From Bolton and Bradford to Northumberland and Newcastle, people are subject to stronger restrictions with no end in sight.
For now, South Yorkshire is an island amid this sea, and we are working hard to keep it that way. Many of these communities were already among the hardest hit by Covid: a map of its impact shows a bright band of higher prevalence from Cheshire to Scotland.
The North as a whole is on the front line of this disease. But we are not at the heart of the response to it. The effort to tackle Covid, like so much in this country, is over-centralised and under-representative.
Policy is still made in Whitehall, by a government which has too often failed to be either transparent or effective.
Perhaps the best illustration of this is the Government’s crisis response committee – Cobra. It has been involved in critical decisions around Covid, including the tightening of restrictions in England last Tuesday.
Cobra includes representatives from Scotland, Wales, Northern Ireland and London. But it has no voice from the North or indeed any region outside the capital. I’ve repeatedly asked the Government to change this: there has been no response.

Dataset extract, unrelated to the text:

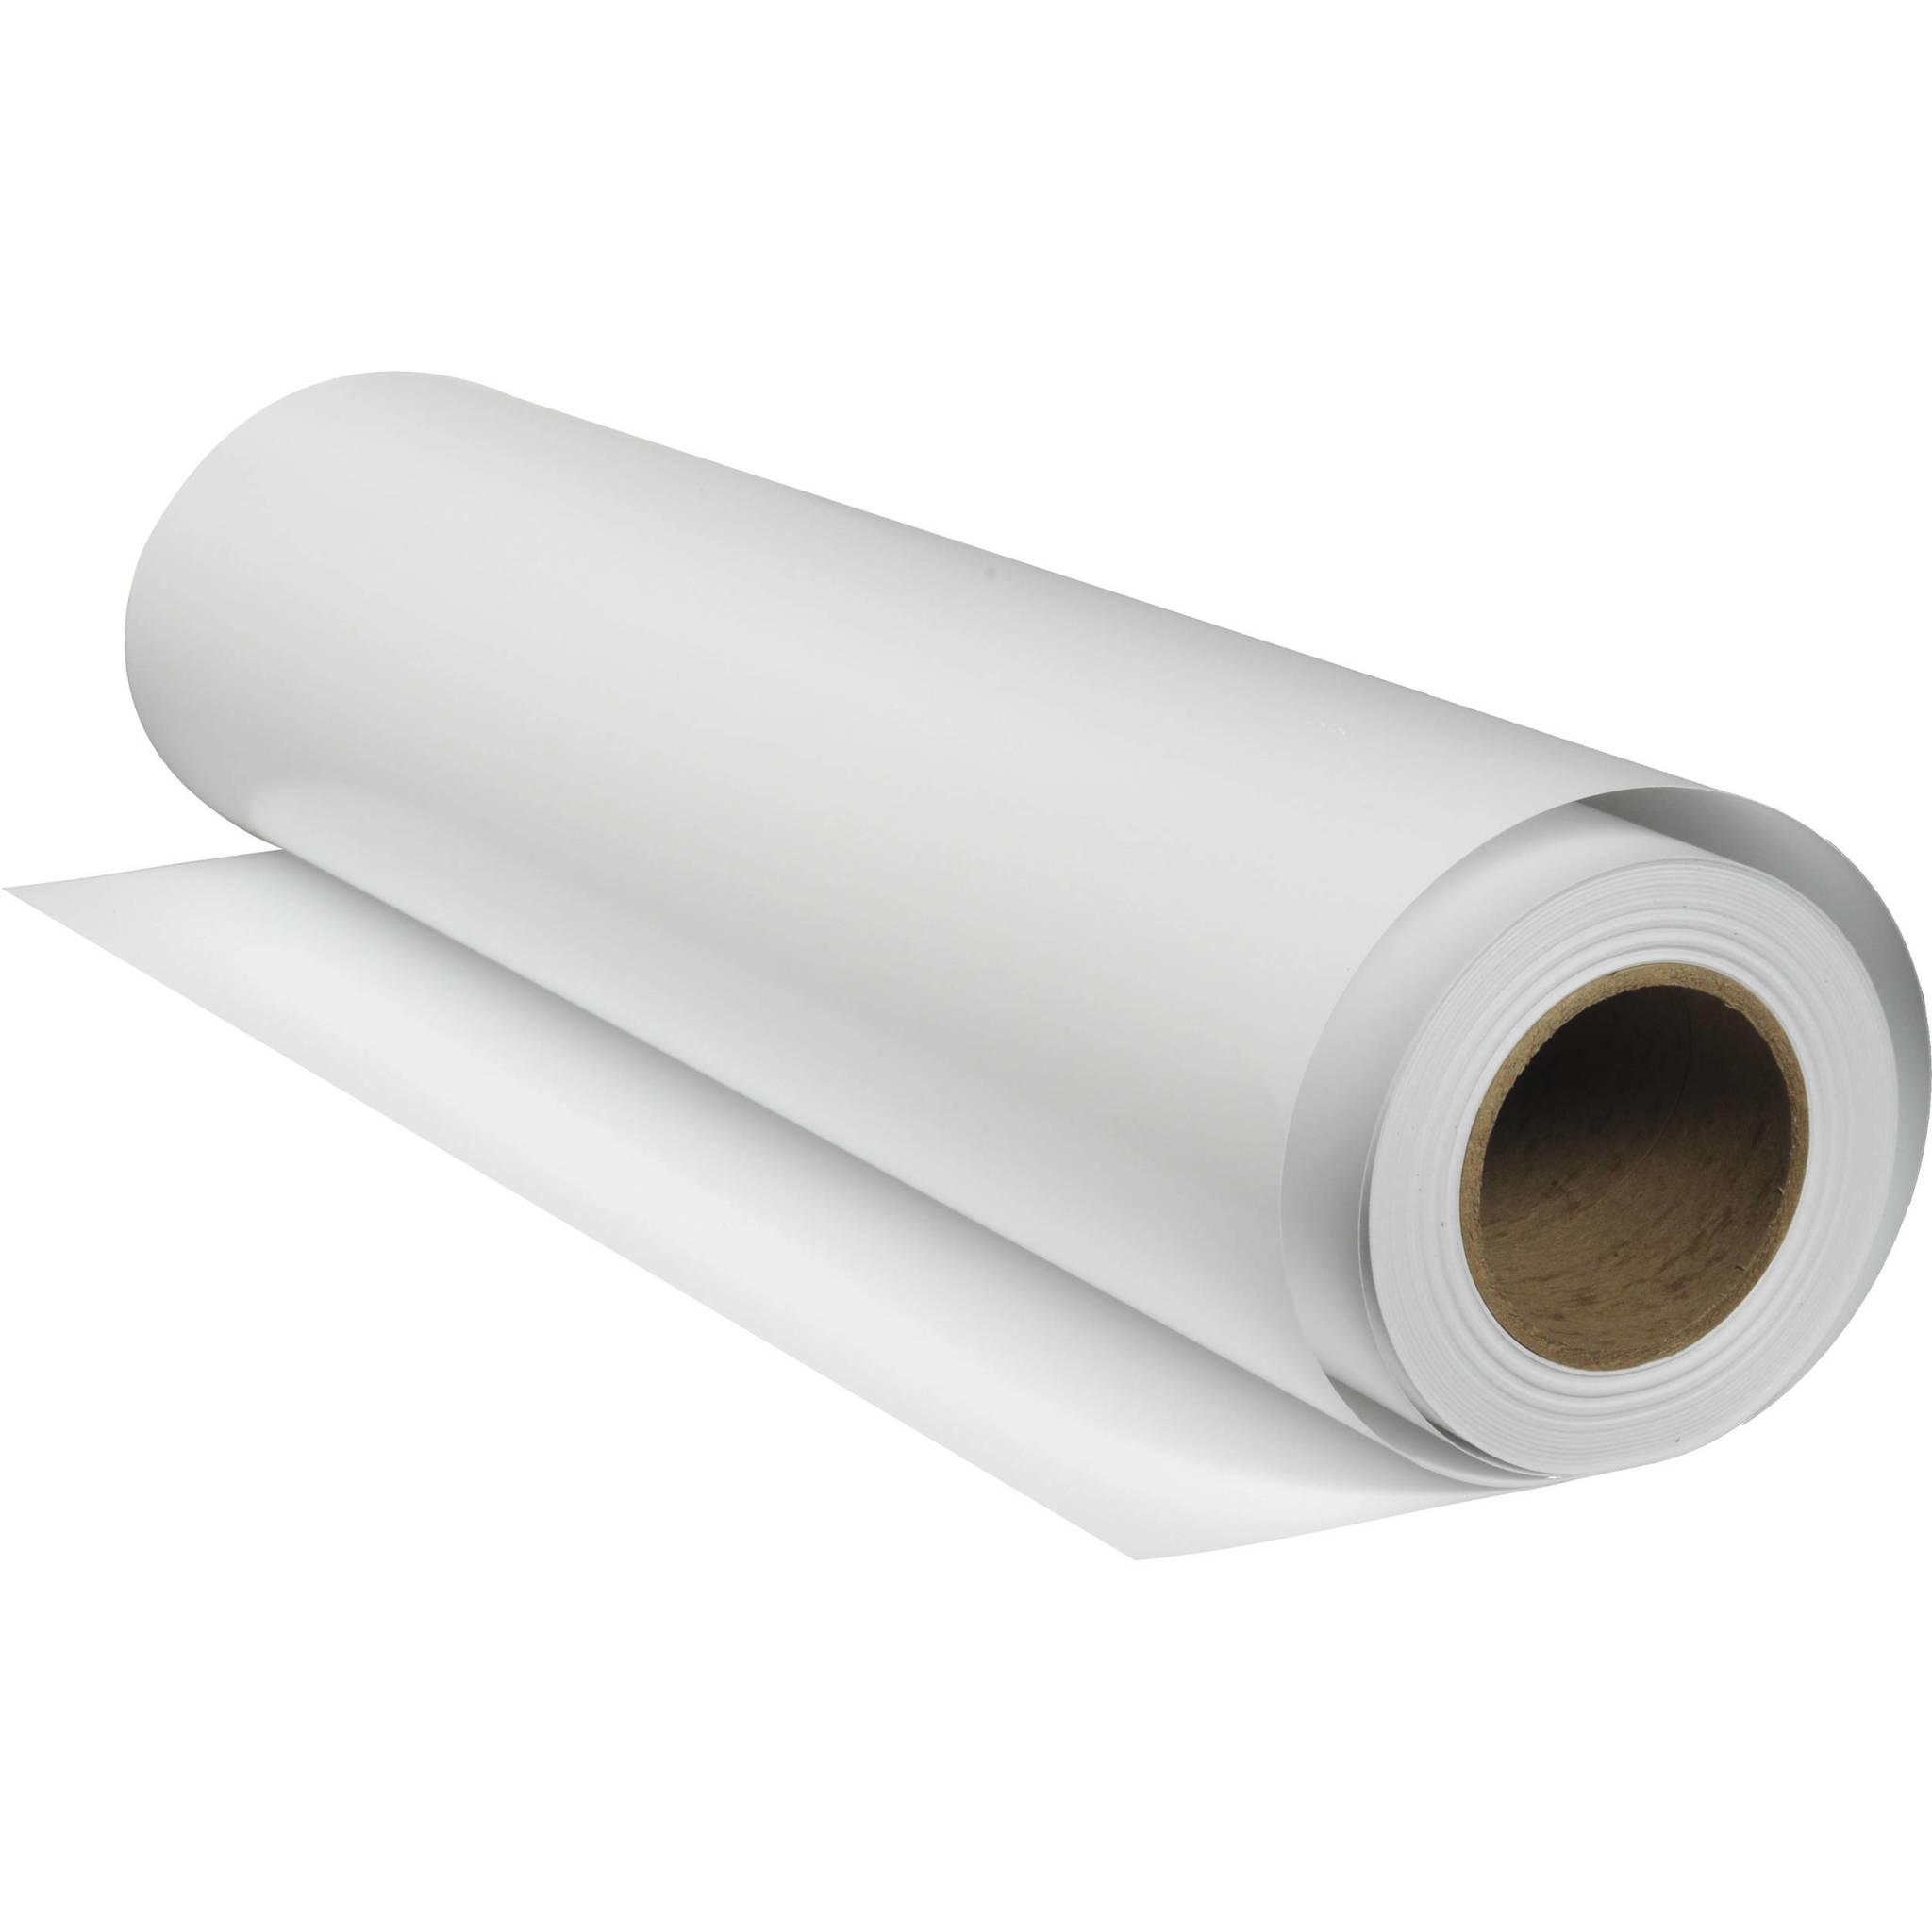 Epson Premium Luster 260 44in Roll per running inch-1

I’m asking them again today. We need a seat at the table.
We need it as a matter of principle – because the idea of the monolithic centralised state is simply no longer tenable.
Devolution in the UK is unevenly applied and in desperate need of strengthening and reform, but surely we are past the time when it could be ignored in the face of the greatest crisis of our generation. If the Government’s rhetoric on devolution is to mean anything, it needs to be applied now.
But we also need it as a matter of practicality – because the decisions that are being taken affect us all, and they can be better made if they reflect local experience, capacity and concerns.
That applies to the wider Covid response. Local authorities can respond more quickly, with better local knowledge, and can more easily break the Whitehall silos between health, social care and other areas of policy – especially critical in a pandemic which disproportionately affects the poor, and has huge economic consequences.
We’ve seen that local advantage with track and trace, where the Government’s centralised, outsourced, Serco-provided scheme has struggled to contact the 80 per cent of leads that it needs to be effective.
Local tracing programmes have gone door to door, exploited their fine-grained understanding of their communities, and performed a critical role. But it was only last month that the Government shifted resources to the regions.
We’ve seen it with local lockdowns too, which need nimbleness and local knowledge to work. In Greater Manchester, the Government lifted restrictions against the wishes of local leaders, only to re-impose them hours later – badly damaging the credibility that is essential for these measures to work.
That issue of credibility is critical. The Government is asking people to follow rules that have a serious impact on their lives and livelihoods. If the public lose faith in those measures, it destroys the most effective weapon that we currently have to control the pandemic.
The Government has already recklessly squandered this critical element of trust. Working with local authorities rather than dictating to them will help maintain that essential legitimacy.
And this decentralised approach works. Germany is a good example, with Covid measures decided by each of its 16 states, and testing handled by around 400 local health offices. The result has been less than a quarter of the Covid deaths seen in the UK.
Of course, there is a balance to strike. We need national co-ordination, and above all national solidarity, so our collective resources can help every part of our country. Germany has matched the leadership of the states with a national response plan.
But with a disease that varies so much from place to place, there are inherent arguments to give local authorities more resources and more control of the Covid response.
As a cross-party commission of former health ministers recently found, the model of devolved, democratically-led local partnerships works for everyday healthcare as well. But of course this issue goes wider still. The UK is more centralised than any comparable country – and more regionally unequal.
We desperately need a deeper, more coherent devolution to unleash the potential of our regions, alongside more resources.
And we need it to help address the disillusionment with our democracy which has helped make country deeply divided, threatening our very Union itself.
With a stronger role for the regions, we could better tackle challenges ranging from our health and educational inequalities to the appalling state of our railways to inadequate investment in flood prevention, problems which threaten our communities and economy but which have long suffered from comparative neglect from London.
The Government has promised levelling up and a Northern Powerhouse. But even with a Yorkshire MP as Chancellor, it has yet to deliver. More importantly, real levelling up would not just allocate resources: it would trust people in the regions with the power to control them.
Covid has exposed much deeper issues with the way we run the country. The Government has a chance to apply those lessons in the handling of the pandemic, but also more widely. Let’s hope they take it.
Dan Jarvis is mayor of Sheffield City Region and Labour MP for Barnsley Central.